Ni la literatura, ni la ciencia, ni el arte, ni la música, ni la política han evitado las grandes catástrofes, entre las que “Auschwitz” es el símbolo. “Estoy convencido –escribe Mèlich– de que ahora es necesario un replanteamiento radical de las grandes cuestiones frente al acontecimiento de ‘Auschwitz’. Especialmente los que nos dedicamos a la ética, a la  antropología y a la educación, deberíamos repensar nuestra tarea para hacer realidad el anhelo de que ‘Auschwitz’ no se repita”.
De acuerdo con Mèlich, las historias de quienes vivimos a finales del siglo XX y a comienzos del XXI, están claramente heridas por el acontecimiento de Auschwitz. Ya que éste “no es solamente un lugar, un campo de exterminio nazi, sino sobre todo un símbolo, el símbolo del mal del horror, de lo inhumano”. Por eso, anota Mèlich, aludiendo al proceso educativo: “El ser humano es un ser histórico que nunca está del todo hecho, que nunca está definitivamente acabado. Por eso la educación es una categoría antropológica fundamental. El ser humano es, desde el momento en que nace, un ser en constante proceso de formación, de transformación y de deformación…La vida humana es una interpretación y una reinterpretación, una traducción inacabable”.
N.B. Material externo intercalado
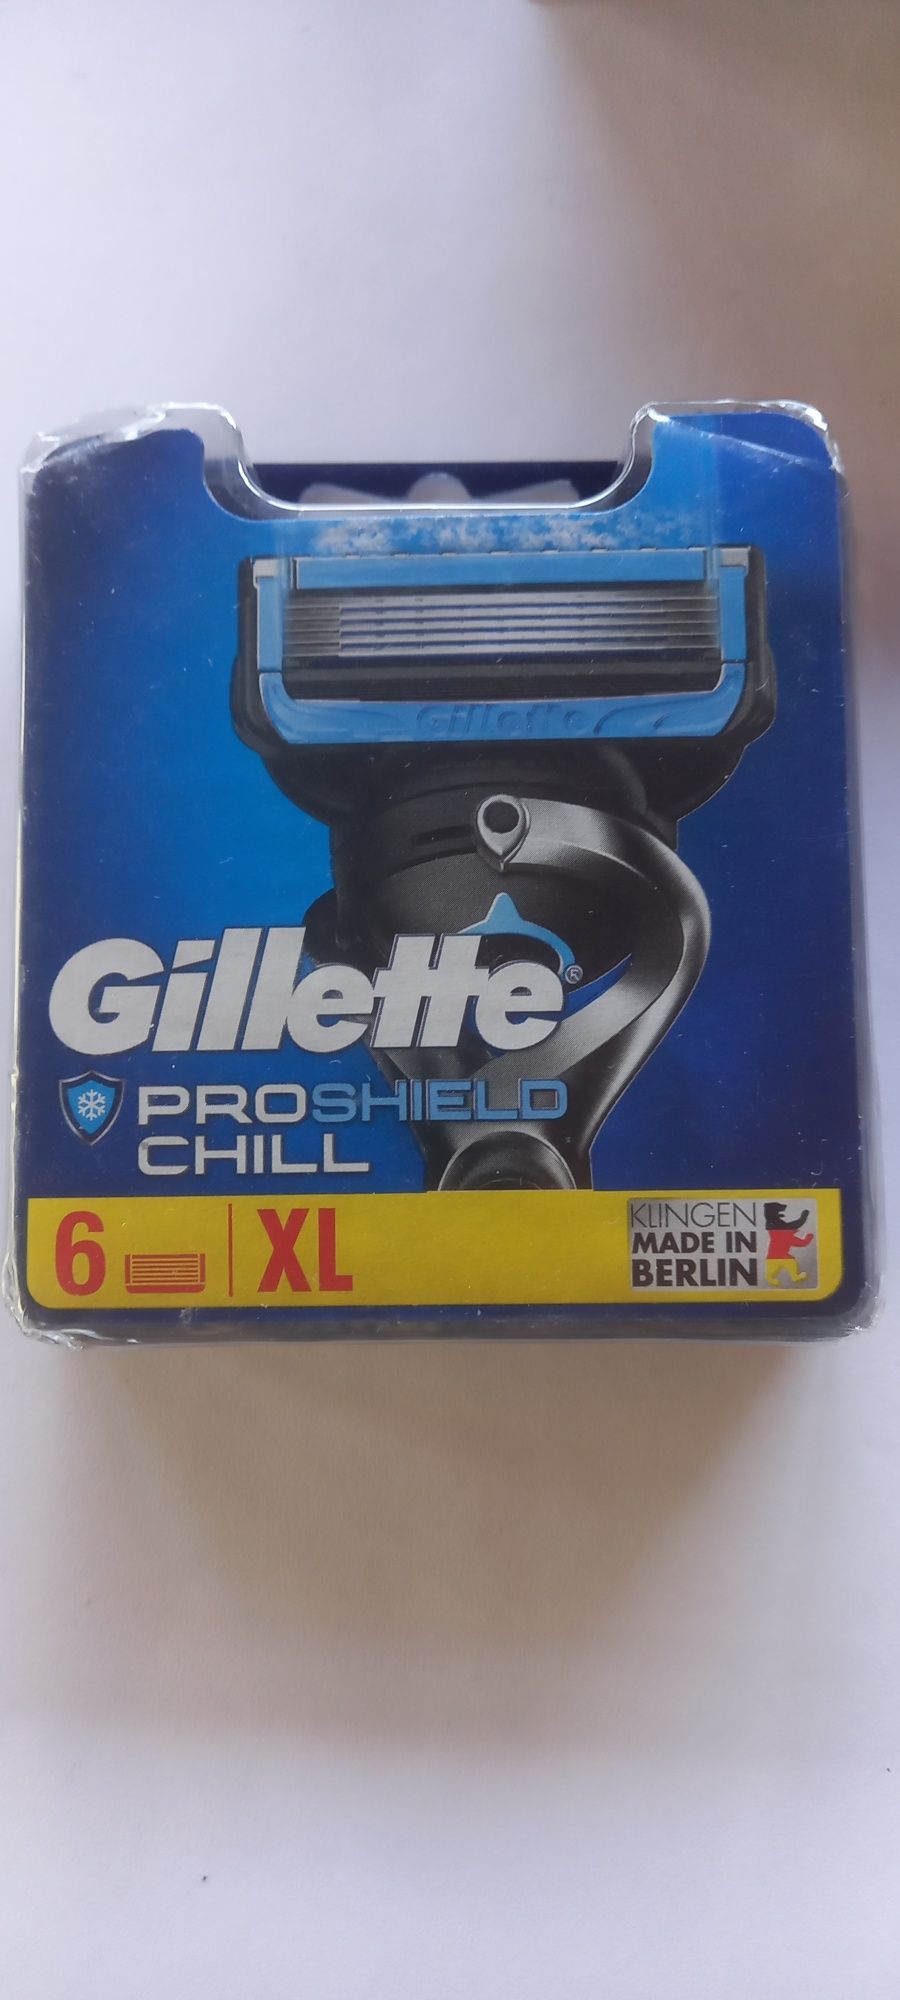 Gillette Proshield Chili 6 катріджа

Finalmente, en ese peligro inminente e inmanente que subyace en la reproducción inconsciente del pensamiento único, Mèlich nos advierte que la educación occidental está desarrollando cada vez más un lenguaje independiente de la palabra: el lenguaje de la estadística. “Un nuevo totalitarismo se ha apoderado del mundo, el totalitarismo de la verdad tecnocientífica y tecnoeconómica. Esta ‘religión’ totalitaria ha relegado la palabra narrada al reino de la especulación y de la falsedad. La realidad, se dice, es otra cosa. ¿Qué cosa? La realidad, se dice, son los hechos. Y en la sociedad tecnológica, en el lenguaje de la estadística, en el mundo globalizado, los hechos se han convertido en fetiches. ¿Qué nos espera? ¿Con qué nos encontraremos ahora? Imposible saberlo”.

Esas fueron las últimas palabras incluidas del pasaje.